### Your task
Copying exactly, give the lines in the material below from the one with "Wildschwein Keiler Reit-und" to the one with "Полноразмерная обитая кровать-платформа", ends included, and nothing besides.

### Excerpted records
[Start of Attachment]
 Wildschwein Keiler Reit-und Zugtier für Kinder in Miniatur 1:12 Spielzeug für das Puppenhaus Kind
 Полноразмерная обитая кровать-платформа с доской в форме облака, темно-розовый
[End of Attachment]
[Start of Attachment]
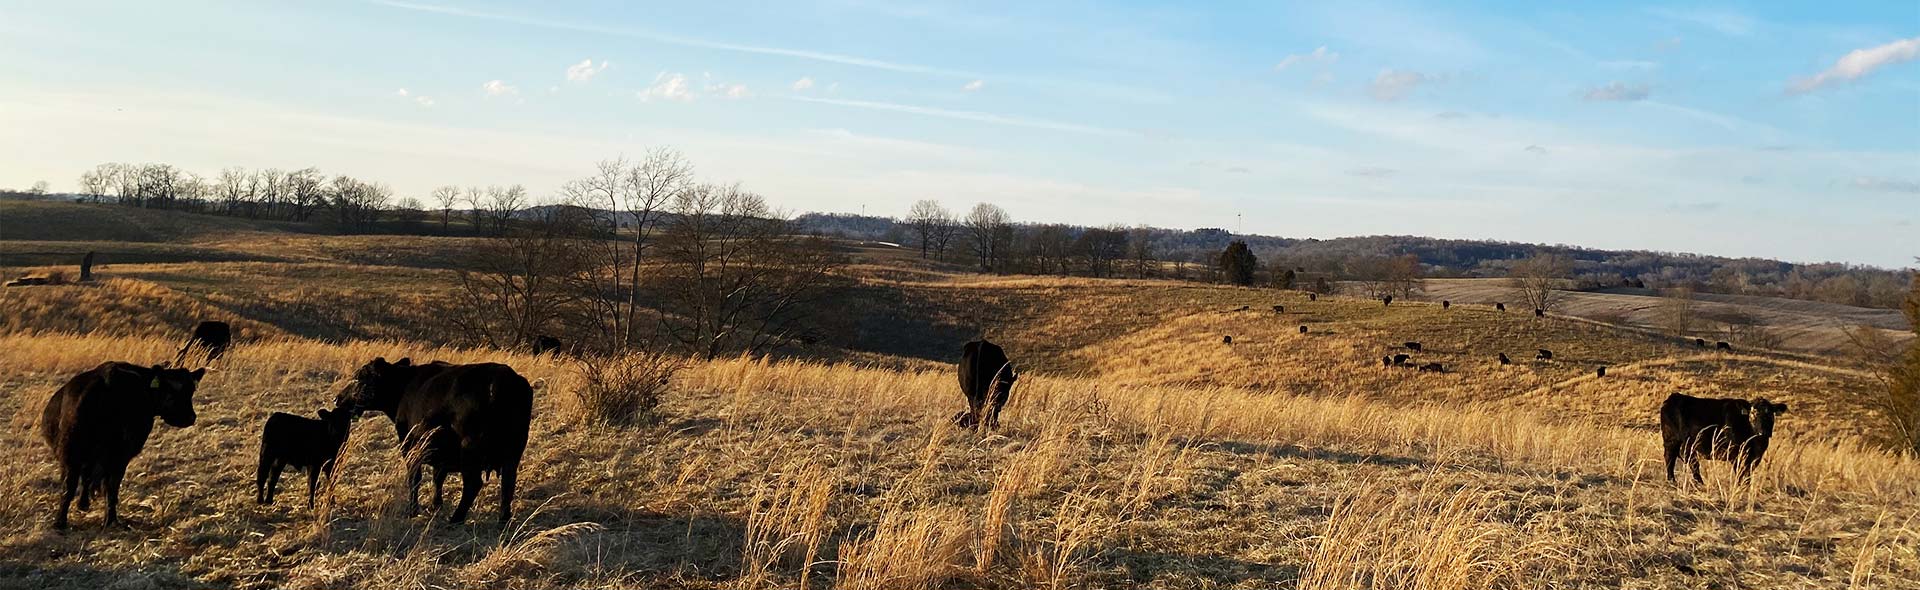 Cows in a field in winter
[End of Attachment]
### Solution to this task
 Wildschwein Keiler Reit-und Zugtier für Kinder in Miniatur 1:12 Spielzeug für das Puppenhaus Kind
 Полноразмерная обитая кровать-платформа с доской в форме облака, темно-розовый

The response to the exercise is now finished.